• [How to complete this task]:
Copy each line below containing "Color".

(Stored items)
============================================================

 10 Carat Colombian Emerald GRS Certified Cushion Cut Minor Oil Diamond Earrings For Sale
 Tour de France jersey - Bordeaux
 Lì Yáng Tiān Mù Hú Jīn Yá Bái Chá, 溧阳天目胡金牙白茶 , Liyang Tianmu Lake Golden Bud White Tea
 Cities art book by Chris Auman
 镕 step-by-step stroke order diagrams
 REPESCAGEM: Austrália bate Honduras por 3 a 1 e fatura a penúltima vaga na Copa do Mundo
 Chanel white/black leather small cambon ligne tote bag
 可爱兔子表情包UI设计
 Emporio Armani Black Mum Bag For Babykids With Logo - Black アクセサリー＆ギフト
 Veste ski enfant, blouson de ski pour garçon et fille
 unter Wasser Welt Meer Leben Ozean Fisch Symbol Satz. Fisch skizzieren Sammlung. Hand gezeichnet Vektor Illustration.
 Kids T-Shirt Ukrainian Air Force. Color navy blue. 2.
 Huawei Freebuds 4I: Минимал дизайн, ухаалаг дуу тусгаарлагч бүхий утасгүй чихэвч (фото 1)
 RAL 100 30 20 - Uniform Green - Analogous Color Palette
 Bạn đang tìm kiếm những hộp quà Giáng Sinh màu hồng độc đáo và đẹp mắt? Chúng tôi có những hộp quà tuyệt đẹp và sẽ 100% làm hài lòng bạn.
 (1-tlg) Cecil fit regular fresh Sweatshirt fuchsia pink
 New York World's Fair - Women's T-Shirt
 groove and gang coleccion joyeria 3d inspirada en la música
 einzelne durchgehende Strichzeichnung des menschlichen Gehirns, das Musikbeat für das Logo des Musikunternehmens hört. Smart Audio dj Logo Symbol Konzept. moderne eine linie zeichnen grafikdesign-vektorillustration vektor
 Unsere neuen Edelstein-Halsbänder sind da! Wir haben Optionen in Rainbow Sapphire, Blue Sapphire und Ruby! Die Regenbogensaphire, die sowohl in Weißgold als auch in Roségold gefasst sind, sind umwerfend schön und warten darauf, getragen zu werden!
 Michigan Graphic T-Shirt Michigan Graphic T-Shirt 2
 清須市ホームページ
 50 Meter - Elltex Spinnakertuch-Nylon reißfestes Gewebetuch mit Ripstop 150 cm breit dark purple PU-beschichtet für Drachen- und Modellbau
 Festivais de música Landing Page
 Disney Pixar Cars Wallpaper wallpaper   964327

============================================================

• [Answer box]:
 Kids T-Shirt Ukrainian Air Force. Color navy blue. 2.
 RAL 100 30 20 - Uniform Green - Analogous Color Palette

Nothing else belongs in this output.